The journalist asserted that he could cite several more cases from his reporting, adding that in several villages across South Sudan, Uganda, Liberia and Sierra Leone, he had encountered devastated families who had attributed the death of countless to disruptions in budget cuts or slashing of foreign aid.
“I challenge you: Come with me on a reporting trip, and we'll talk to these moms and dads, and you'll see the dying children themselves. I think if you see the kids whose lives are at stake, maybe you'll change your mind,” Kristof wrote.
An article in The Argument headlined ‘Elon Musk’s zero accountability life’ cited research study published in The Lancet that estimated that the dismantling of USAID could contribute to 14 million deaths by 2030, including 4.5 million children under the age of 5.
A month ago, former USAID official turned whistleblower Nicolas Enrich, speaking to France 24, said efficiency concerns did not drive the dismantling of USAID but "to soothe the ego of the world's richest man."
That would be Elon Musk, who was heading the Department of Government Efficiency, aka DOGE, then.

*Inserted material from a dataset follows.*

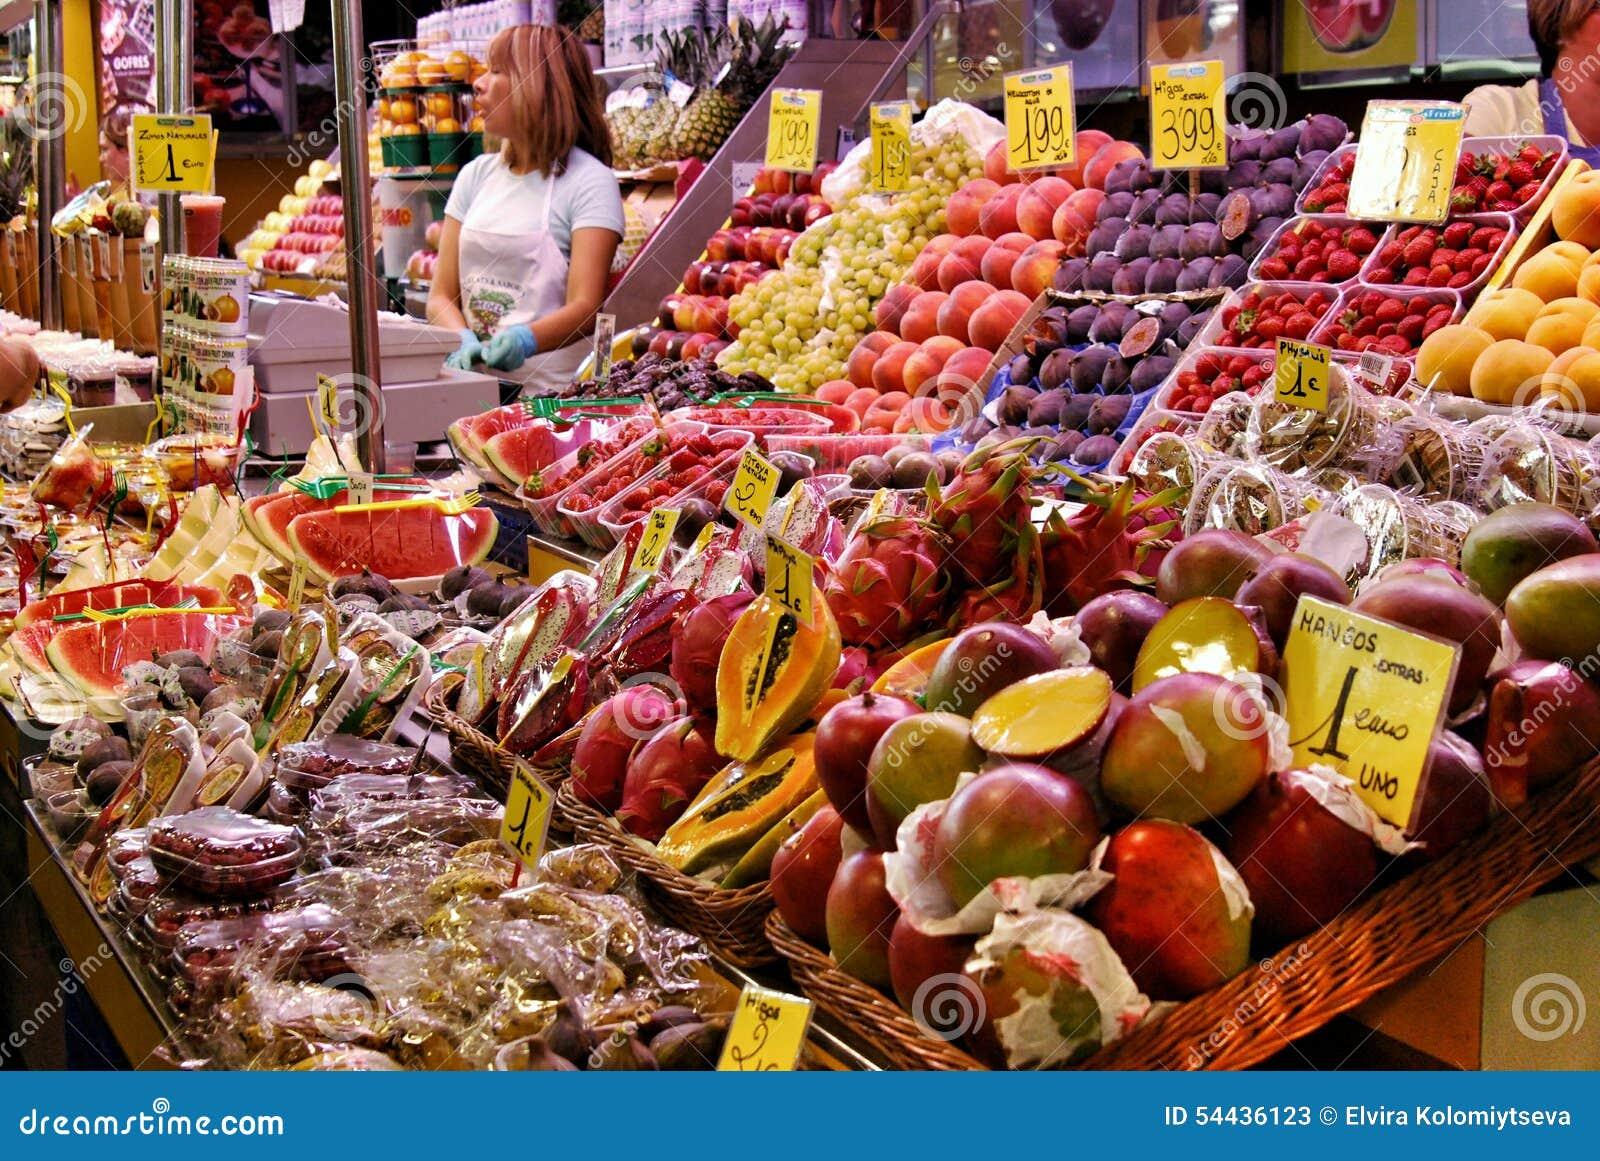 Légumes et fruits tropicaux sur le marché central à Barcelone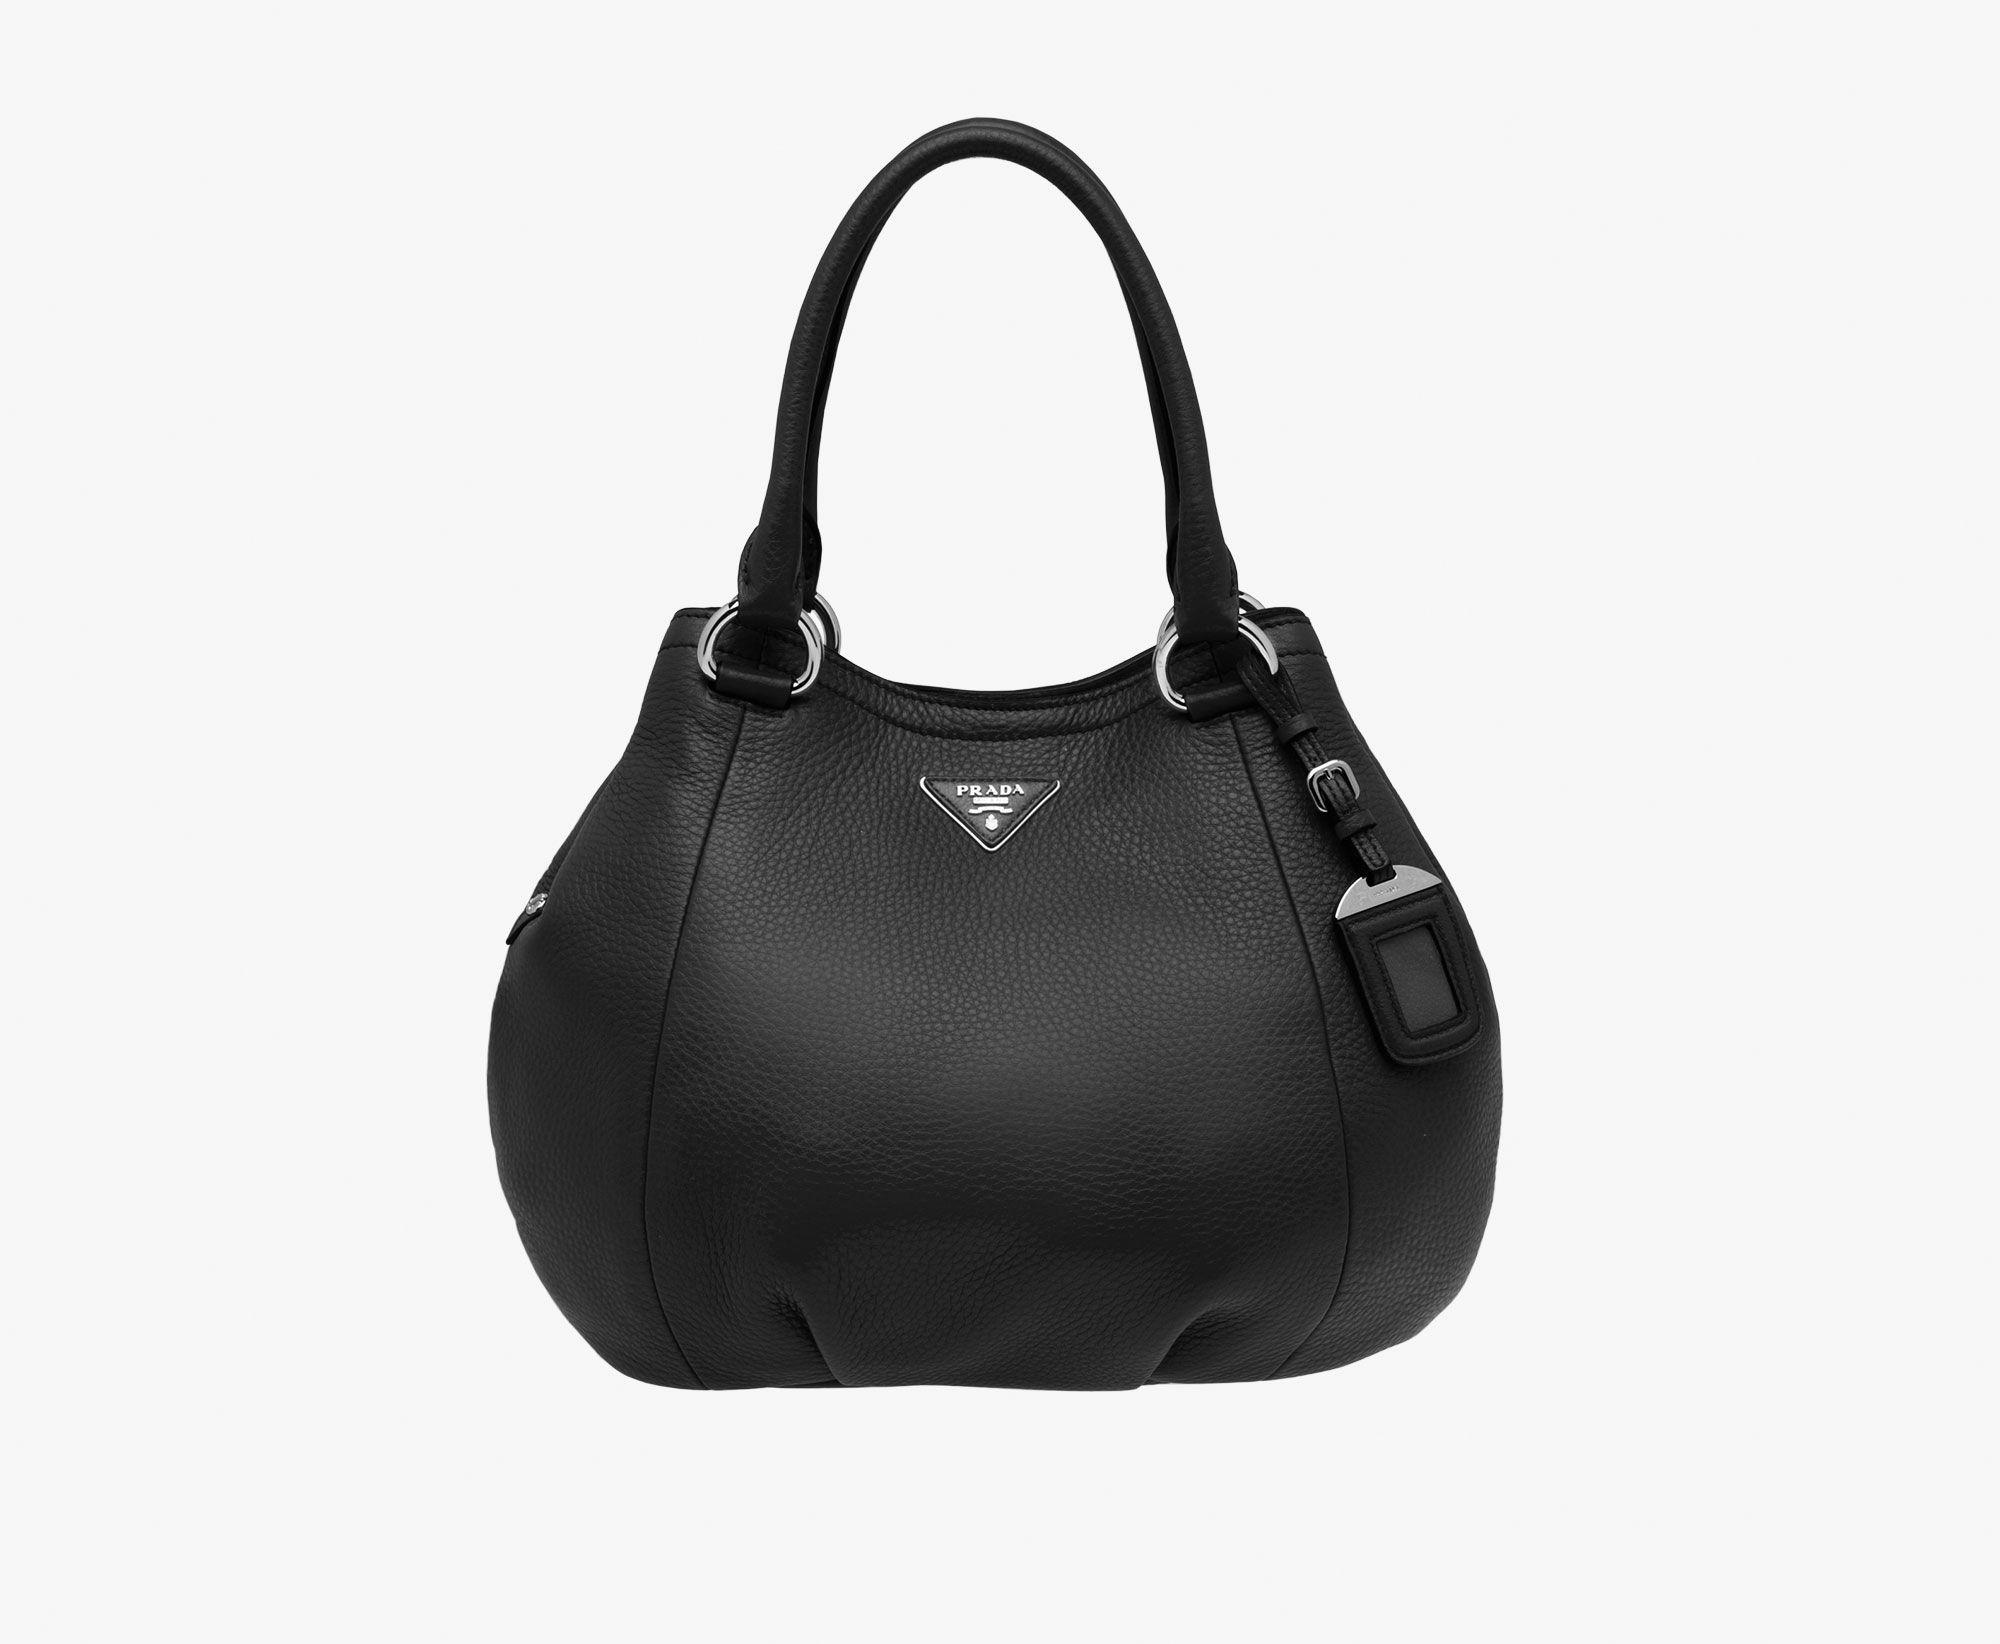 handbags salvatore ferragamo top handle bags two handles zip closure ... f86d5e4166683

Enrich had binned US Secretary of State Marco Rubio's claim that "no one has died" from the shuttering of USAID as "flatly untrue". The whistleblower said that almost “750,000 people have already died unnecessarily due to those cuts."
What was DOGE?
DOGE was tasked with reducing US government spending and cutting jobs. Though not an official government department. Musk’s DOGE shut down the US Agency for International Development (USAID) in 2025, citing a thumbs-up from Trump, alleging that the agency was a “criminal organization” and that it was “time for it to die.”.